The language is very rich in its stock of words in the areas of life central to the Nivkhs’ existence, such as nature, sea, weather, fishing and hunting. The alphabet has 46 different symbols, 13 more than the Russian alphabet. The vowels are similar to the Russian, but the consonant system is much more complicated than the Russian one. For example: the Nivkh language has k/k’/q/q’, where Russian only has k. The different consonants can give rise to different meanings: Ku is day, but k’u means arrow.

The future of the Nivkh language is unsure. Linguists think many of the 6,000 languages in the world will disappear in the next 50 years. They believe the survival of a language is uncertain when children no longer speak the language. UNESCO considers Nivkh to be a seriously endangered language meaning ‘a language with a substantial number of speakers but practically without children among them’. In 1989 the number of people on Sakhalin considering Nivkh their mother tongue was 447 on a total Nivkh population of 2008, which is 22.3%. Since then, the number of Nivkh speakers has further decreased.

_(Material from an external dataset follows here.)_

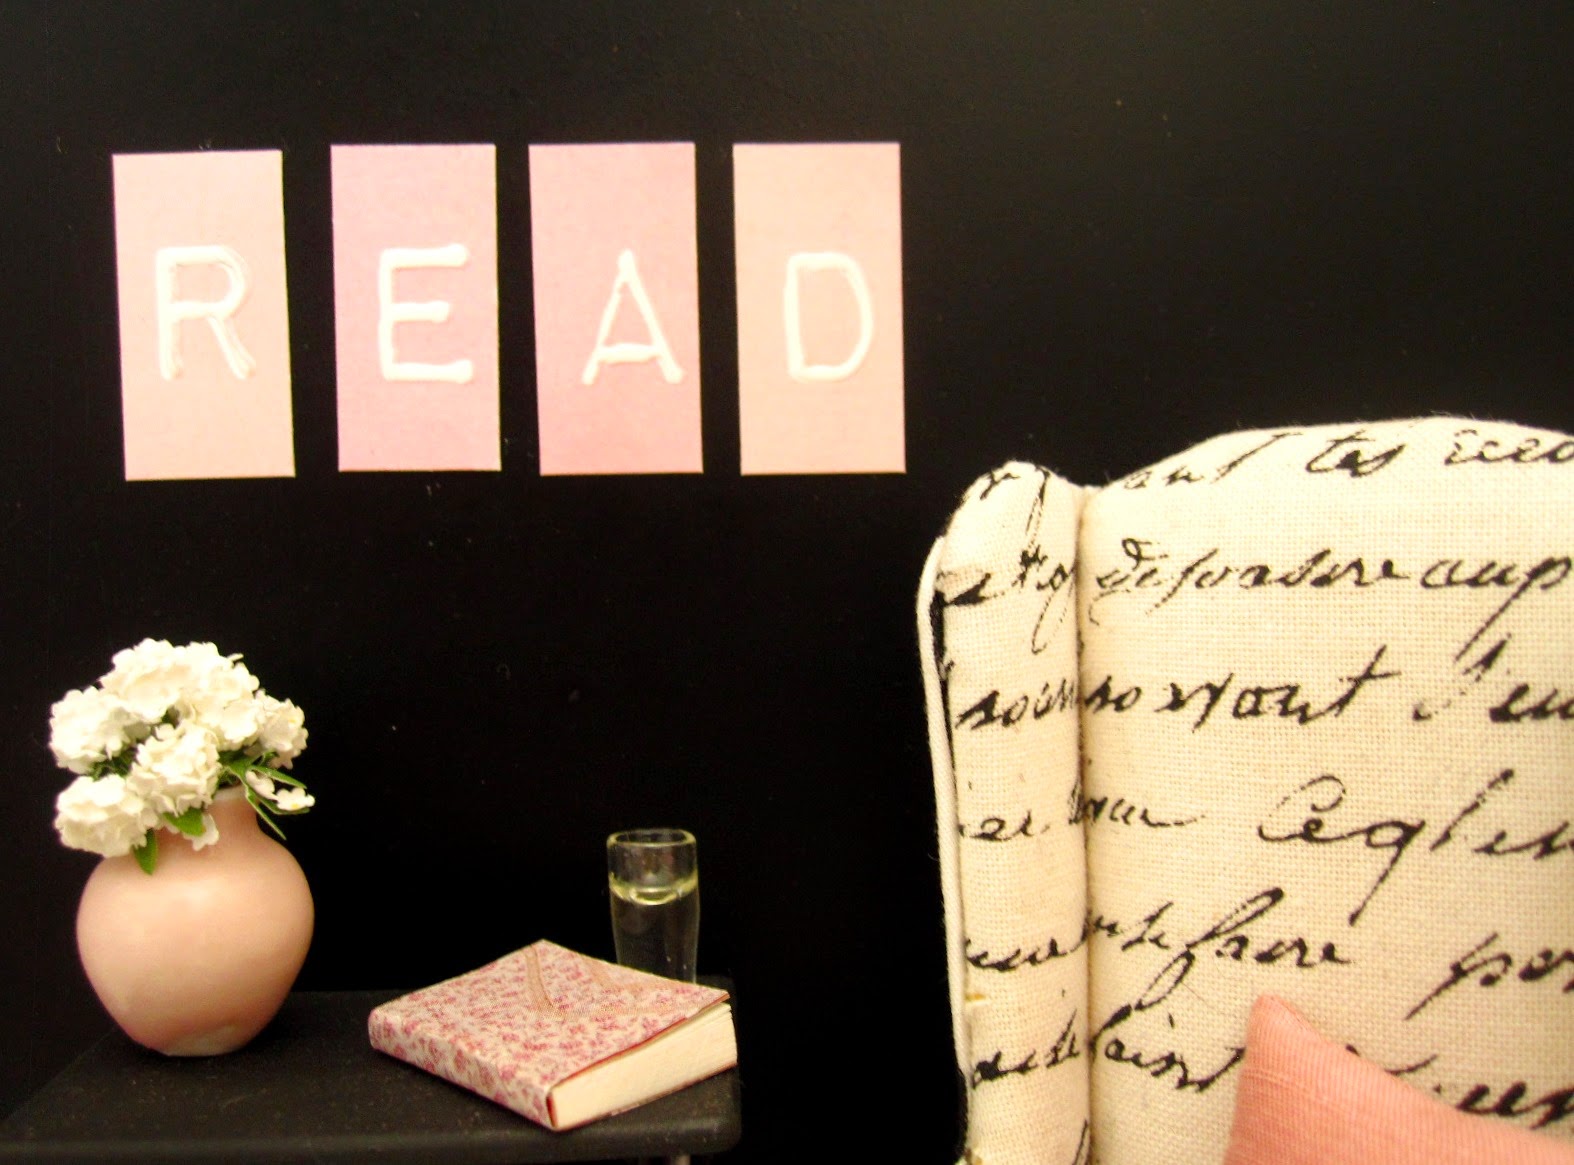 Modern doll's house miniature scene of a black and white wing chair against a black wall. On the wall are the letters R,E,A and D in pink and white and on the table under them is a pink vase with white flowers, a book and a glass of water.

De Graaf: "It is a very important task for the linguistic community to make a registration of the last speakers of the endangered languages in interviews with good sound recording equipment. The results of modern fieldwork and the reconstructed data from sound archives will provide important information for the preparation of language descriptions, grammars, dictionaries and edited collections of oral and written literature. These can also be used to develop teaching methods, in particular for the younger members of certain ethnic groups."

Since the beginning of the 20th century, efforts have been made to study and register Nivkh. Recordings have been found from the recollections of a Nivkh informant who was interviewed by the ethnologist Shternberg in 1910. In the last ten years, Dutch and Japanese research groups have been co-operating in the field of ethnic minorities in Sakhalin, Yakutia and the Amur region.

This year, the Universities of Groningen and St. Petersburg launched the project ‘Voices of Tundra and Taiga’ in the framework of a Russian-Dutch research co-operation. The aim of the project is to set up a sound and video-library of recorded stories and of the folklore, singing and oral traditions of the Nivkh and Orok on Sakhalin and the Yukagir and Tungus languages in Yakutia. Existing sound recordings in the archives will be used together with the results of new fieldwork expeditions. The data will be added to the archives in St. Petersburg and elsewhere, whereas part of it will become available on the Internet and on CD-ROM.

The grant proposal to the Netherlands Scientific Research Organisation NWO amounts to 250 thousand guilders (about 100 thousand dollars) for a period of 3 years. The total project will have a longer duration and it will also be financially supported by other resources, such as a PhD grant from the University of Groningen and Japanese foundations. In July 2001, Sakhalin Energy decided to allocate 20 thousand dollars to support the project implementation on Sakhalin.

On the Dutch side, Tjeerd de Graaf will carry out the project with Cecilia Odé, who is a linguist of the University of Leiden in the Netherlands. They will co-operate with the Japanese scholar Hidetoshi Shirashi, who has been recording and working out Nivkh speech on Sakhalin for the past year and will continue his work in Groningen and on Sakhalin from January 2002 until 2006, in the framework of the special PhD grant.

The linguists hope that all these efforts will help to revive Nivkh. It is difficult to say if they will be successful. "I don’t know if Nivkh will survive. Sometimes groups of 200 to 300 speakers manage to maintain a language. Some bigger groups of speakers however, loose the language", De Graaf says.